▶ Records:
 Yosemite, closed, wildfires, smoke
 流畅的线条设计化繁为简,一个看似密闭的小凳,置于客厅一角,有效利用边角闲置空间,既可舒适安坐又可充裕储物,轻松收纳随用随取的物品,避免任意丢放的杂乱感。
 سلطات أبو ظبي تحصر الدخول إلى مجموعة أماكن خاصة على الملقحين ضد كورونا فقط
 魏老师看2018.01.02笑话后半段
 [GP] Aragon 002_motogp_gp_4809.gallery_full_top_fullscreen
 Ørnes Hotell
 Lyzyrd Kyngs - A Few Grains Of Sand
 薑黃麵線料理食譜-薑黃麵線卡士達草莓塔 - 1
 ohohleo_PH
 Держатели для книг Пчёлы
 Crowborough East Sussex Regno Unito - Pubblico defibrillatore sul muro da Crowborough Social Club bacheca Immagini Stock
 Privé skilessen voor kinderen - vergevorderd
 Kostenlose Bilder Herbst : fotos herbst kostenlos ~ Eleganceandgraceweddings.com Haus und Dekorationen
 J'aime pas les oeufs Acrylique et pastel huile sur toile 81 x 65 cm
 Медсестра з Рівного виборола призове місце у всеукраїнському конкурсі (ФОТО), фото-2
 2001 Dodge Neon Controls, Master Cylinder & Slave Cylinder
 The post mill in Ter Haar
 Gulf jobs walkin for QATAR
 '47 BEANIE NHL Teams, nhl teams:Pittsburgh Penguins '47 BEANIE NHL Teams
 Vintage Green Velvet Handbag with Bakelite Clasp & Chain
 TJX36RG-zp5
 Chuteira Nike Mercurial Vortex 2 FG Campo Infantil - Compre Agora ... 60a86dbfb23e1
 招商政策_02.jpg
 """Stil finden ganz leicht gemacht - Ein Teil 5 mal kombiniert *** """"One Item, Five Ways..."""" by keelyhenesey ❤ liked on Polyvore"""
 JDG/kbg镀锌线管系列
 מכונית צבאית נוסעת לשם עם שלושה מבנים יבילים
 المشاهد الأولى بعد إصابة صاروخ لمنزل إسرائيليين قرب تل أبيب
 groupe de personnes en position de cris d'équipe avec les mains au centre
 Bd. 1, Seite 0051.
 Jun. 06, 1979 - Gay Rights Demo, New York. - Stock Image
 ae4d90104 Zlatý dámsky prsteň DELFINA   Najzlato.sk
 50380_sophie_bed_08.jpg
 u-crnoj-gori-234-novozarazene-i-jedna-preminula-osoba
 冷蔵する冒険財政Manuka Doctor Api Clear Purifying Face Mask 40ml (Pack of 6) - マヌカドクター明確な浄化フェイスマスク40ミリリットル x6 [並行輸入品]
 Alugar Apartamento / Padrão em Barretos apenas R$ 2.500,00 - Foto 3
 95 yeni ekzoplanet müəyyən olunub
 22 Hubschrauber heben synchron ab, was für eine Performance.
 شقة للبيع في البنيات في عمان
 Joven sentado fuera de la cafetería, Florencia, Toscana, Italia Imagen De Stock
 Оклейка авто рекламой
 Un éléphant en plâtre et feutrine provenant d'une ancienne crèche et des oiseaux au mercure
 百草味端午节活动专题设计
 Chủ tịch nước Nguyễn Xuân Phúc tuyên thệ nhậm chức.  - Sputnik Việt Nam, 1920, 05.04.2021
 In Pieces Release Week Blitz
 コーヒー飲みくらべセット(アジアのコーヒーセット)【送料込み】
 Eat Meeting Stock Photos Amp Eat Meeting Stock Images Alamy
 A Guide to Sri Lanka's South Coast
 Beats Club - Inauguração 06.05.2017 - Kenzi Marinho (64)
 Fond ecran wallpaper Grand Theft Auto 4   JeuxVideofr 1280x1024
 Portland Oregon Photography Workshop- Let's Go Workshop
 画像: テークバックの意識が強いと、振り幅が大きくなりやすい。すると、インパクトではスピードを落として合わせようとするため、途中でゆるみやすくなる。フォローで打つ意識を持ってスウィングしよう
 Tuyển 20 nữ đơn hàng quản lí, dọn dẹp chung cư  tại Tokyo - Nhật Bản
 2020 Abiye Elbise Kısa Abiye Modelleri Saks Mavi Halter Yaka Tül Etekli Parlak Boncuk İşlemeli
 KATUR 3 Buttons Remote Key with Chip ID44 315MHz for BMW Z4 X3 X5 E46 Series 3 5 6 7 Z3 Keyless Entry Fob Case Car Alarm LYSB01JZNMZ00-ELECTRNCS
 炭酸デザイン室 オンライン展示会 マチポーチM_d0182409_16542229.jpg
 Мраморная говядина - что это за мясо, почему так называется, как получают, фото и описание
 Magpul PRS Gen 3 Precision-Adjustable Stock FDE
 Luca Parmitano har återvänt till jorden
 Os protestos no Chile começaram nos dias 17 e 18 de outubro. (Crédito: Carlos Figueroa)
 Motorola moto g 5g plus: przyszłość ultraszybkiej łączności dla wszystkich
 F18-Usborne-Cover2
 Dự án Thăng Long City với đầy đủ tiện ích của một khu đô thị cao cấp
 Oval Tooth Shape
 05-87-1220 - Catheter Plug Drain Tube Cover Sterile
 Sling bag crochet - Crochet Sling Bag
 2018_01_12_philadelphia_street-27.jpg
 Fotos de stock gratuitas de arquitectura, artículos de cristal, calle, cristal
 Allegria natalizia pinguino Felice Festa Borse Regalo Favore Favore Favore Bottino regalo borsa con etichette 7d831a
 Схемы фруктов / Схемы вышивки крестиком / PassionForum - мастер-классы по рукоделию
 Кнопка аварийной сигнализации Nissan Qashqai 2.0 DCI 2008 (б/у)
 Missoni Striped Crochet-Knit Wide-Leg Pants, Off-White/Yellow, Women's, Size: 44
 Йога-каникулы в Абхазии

▶ Work required: All lines above from the one with "TJX36RG-zp5" to the one with "מכונית צבאית נוסעת לשם עם שלושה מבנים יבילים", inclusive, should be copied exactly, and no other lines.

▶ Reply to the exercise:
 TJX36RG-zp5
 Chuteira Nike Mercurial Vortex 2 FG Campo Infantil - Compre Agora ... 60a86dbfb23e1
 招商政策_02.jpg
 """Stil finden ganz leicht gemacht - Ein Teil 5 mal kombiniert *** """"One Item, Five Ways..."""" by keelyhenesey ❤ liked on Polyvore"""
 JDG/kbg镀锌线管系列
 מכונית צבאית נוסעת לשם עם שלושה מבנים יבילים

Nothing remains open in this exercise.